TASK DETAILS »
Return each record exactly as it appears, so that nothing is dropped or altered.
════════
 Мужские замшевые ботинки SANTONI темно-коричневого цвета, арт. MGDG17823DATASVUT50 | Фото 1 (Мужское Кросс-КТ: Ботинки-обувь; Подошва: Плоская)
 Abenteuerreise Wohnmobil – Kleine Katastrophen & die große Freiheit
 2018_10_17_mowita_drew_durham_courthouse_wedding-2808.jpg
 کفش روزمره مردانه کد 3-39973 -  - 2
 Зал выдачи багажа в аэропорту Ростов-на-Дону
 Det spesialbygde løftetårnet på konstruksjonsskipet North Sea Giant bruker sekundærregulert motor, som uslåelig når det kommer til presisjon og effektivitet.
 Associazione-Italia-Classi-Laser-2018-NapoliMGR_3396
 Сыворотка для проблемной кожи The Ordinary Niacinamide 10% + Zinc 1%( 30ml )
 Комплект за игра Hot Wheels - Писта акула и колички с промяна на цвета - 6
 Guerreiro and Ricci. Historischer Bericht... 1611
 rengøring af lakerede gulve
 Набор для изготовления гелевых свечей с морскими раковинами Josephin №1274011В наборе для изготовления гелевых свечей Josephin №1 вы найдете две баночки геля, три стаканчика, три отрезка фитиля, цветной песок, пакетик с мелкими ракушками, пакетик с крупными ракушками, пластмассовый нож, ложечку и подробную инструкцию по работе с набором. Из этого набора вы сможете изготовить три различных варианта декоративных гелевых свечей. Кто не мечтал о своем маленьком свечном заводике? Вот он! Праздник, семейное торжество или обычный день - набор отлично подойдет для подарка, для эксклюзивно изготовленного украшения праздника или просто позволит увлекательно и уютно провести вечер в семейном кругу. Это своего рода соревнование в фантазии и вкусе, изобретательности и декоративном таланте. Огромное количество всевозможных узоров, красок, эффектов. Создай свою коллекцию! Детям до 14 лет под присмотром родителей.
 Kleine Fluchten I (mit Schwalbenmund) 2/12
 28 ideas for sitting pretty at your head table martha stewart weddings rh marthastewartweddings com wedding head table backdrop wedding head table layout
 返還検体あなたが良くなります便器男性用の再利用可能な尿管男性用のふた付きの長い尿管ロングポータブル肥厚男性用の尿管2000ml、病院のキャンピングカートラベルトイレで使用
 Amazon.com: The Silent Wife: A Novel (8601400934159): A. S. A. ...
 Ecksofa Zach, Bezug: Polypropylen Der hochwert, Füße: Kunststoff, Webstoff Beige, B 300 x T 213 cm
════════
WRITTEN RESPONSE »
 Мужские замшевые ботинки SANTONI темно-коричневого цвета, арт. MGDG17823DATASVUT50 | Фото 1 (Мужское Кросс-КТ: Ботинки-обувь; Подошва: Плоская)
 Abenteuerreise Wohnmobil – Kleine Katastrophen & die große Freiheit
 2018_10_17_mowita_drew_durham_courthouse_wedding-2808.jpg
 کفش روزمره مردانه کد 3-39973 -  - 2
 Зал выдачи багажа в аэропорту Ростов-на-Дону
 Det spesialbygde løftetårnet på konstruksjonsskipet North Sea Giant bruker sekundærregulert motor, som uslåelig når det kommer til presisjon og effektivitet.
 Associazione-Italia-Classi-Laser-2018-NapoliMGR_3396
 Сыворотка для проблемной кожи The Ordinary Niacinamide 10% + Zinc 1%( 30ml )
 Комплект за игра Hot Wheels - Писта акула и колички с промяна на цвета - 6
 Guerreiro and Ricci. Historischer Bericht... 1611
 rengøring af lakerede gulve
 Набор для изготовления гелевых свечей с морскими раковинами Josephin №1274011В наборе для изготовления гелевых свечей Josephin №1 вы найдете две баночки геля, три стаканчика, три отрезка фитиля, цветной песок, пакетик с мелкими ракушками, пакетик с крупными ракушками, пластмассовый нож, ложечку и подробную инструкцию по работе с набором. Из этого набора вы сможете изготовить три различных варианта декоративных гелевых свечей. Кто не мечтал о своем маленьком свечном заводике? Вот он! Праздник, семейное торжество или обычный день - набор отлично подойдет для подарка, для эксклюзивно изготовленного украшения праздника или просто позволит увлекательно и уютно провести вечер в семейном кругу. Это своего рода соревнование в фантазии и вкусе, изобретательности и декоративном таланте. Огромное количество всевозможных узоров, красок, эффектов. Создай свою коллекцию! Детям до 14 лет под присмотром родителей.
 Kleine Fluchten I (mit Schwalbenmund) 2/12
 28 ideas for sitting pretty at your head table martha stewart weddings rh marthastewartweddings com wedding head table backdrop wedding head table layout
 返還検体あなたが良くなります便器男性用の再利用可能な尿管男性用のふた付きの長い尿管ロングポータブル肥厚男性用の尿管2000ml、病院のキャンピングカートラベルトイレで使用
 Amazon.com: The Silent Wife: A Novel (8601400934159): A. S. A. ...
 Ecksofa Zach, Bezug: Polypropylen Der hochwert, Füße: Kunststoff, Webstoff Beige, B 300 x T 213 cm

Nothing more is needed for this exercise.